Pesquisadores da University of Pennsylvania, nos Estados Unidos, descobriram que cachorros treinados conseguem identificar sinais de câncer antes mesmo do diagnóstico formal da doença. O estudo foi publicado no The Veterinary Journal e abre uma discussão interessante sobre o futuro da triagem precoce.
Câncer tem cheiro?
A pesquisa focou no hemangiossarcoma, um tipo agressivo de câncer canino que costuma ser descoberto tarde demais. O objetivo era entender se existia um perfil olfativo detectável na doença.
Em testes duplo-cegos, uma das cadelas do projeto acertou 70% das vezes ao identificar amostras de sangue com o câncer. A média geral dos cães ficou nessa mesma faixa.
Pode parecer “apenas 70%”. Mas para um estudo de prova de conceito, isso é relevante. Mostra que existe um padrão químico no sangue que pode ser reconhecido e isso muda o jogo.
Estudos anteriores já indicavam que cães conseguem detectar câncer em humanos, como ovário, pâncreas, bexiga e pulmão, com taxas que podem chegar a 90% dependendo do protocolo e do tipo de amostra analisada.
Como os cães foram treinados?
Cinco cães de biodetecção participaram do estudo. Eles já tinham sido treinados para reconhecer odores ligados a outras doenças, incluindo câncer humano e transtornos como estresse pós-traumático.
Os testes utilizaram amostras de soro sanguíneo de três grupos:
- cães com hemangiossarcoma confirmado
- cães com outras doenças
- cães saudáveis
Cada animal avaliou conjuntos de amostras em múltiplos ensaios controlados.
Para evitar interferência humana, os pesquisadores usaram olfatômetros de alta tecnologia, com sensores a laser que registravam o tempo de análise do cão. Quando o animal permanecia tempo suficiente na amostra correta, recebia um sinal sonoro e a recompensa.

O hemangiossarcoma é devastador principalmente porque se espalha silenciosamente. Quando os sintomas aparecem, muitas vezes já é tarde.
Se a detecção acontecer antes da ruptura do baço ou da metástase, veterinários poderiam considerar intervenções mais cedo, como cirurgia preventiva ou início antecipado de quimioterapia.
E aqui entra o ponto mais interessante.
O objetivo não é colocar cães em todos os consultórios.

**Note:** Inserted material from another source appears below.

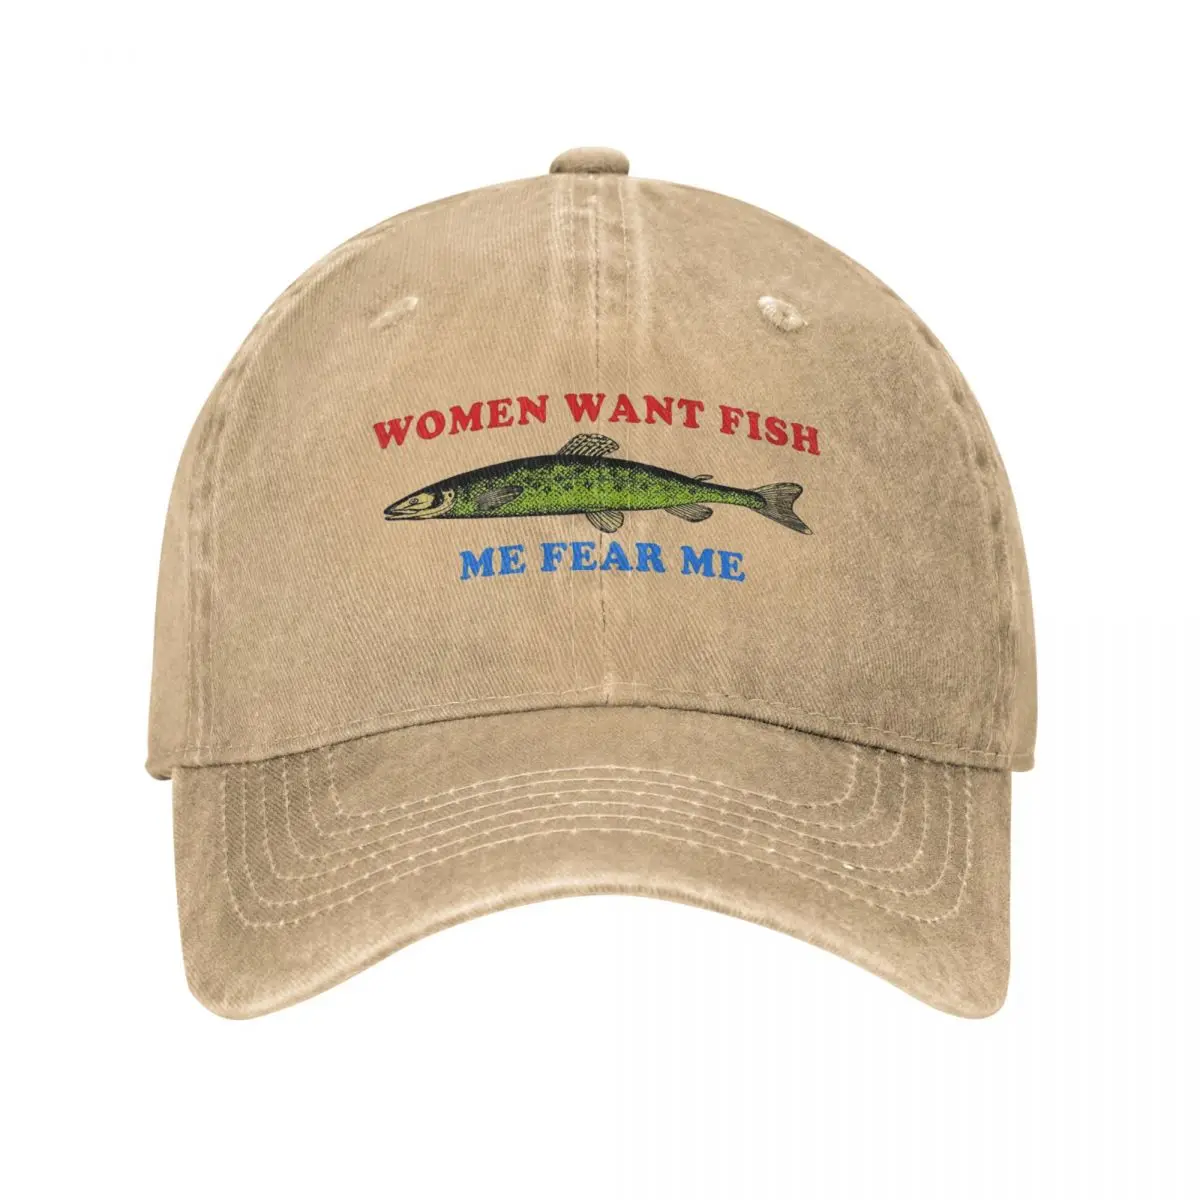 

Women Want Fish Me Fear Me Baseball Cap Stuff Vintage Distressed Washed Funny Logo Dad Hat Casquette Unisex Style Outdoor Travel

É usar o que eles revelam para desenvolver máquinas e testes laboratoriais capazes de replicar esse reconhecimento olfativo.
Se os cães conseguem detectar um padrão químico específico, significa que ele existe. E se existe, pode ser medido.
Uma das hipóteses levantadas pelas pesquisadoras é que um teste de odor poderia virar um exame anual de triagem. Algo que sinalizasse um alerta precoce, direcionando o tutor para exames como ultrassom ou tomografia.
O que essa pesquisa realmente diz
Ela não diz que cães “veem” câncer.
Ela mostra que doenças alteram nosso metabolismo a ponto de produzir odores detectáveis.
E se o olfato animal consegue perceber isso antes de exames tradicionais, talvez estejamos diante de uma pista poderosa para a medicina preventiva.
No fim, a pergunta não é se o cachorro é melhor que a máquina, mas é como transformar o faro em dado.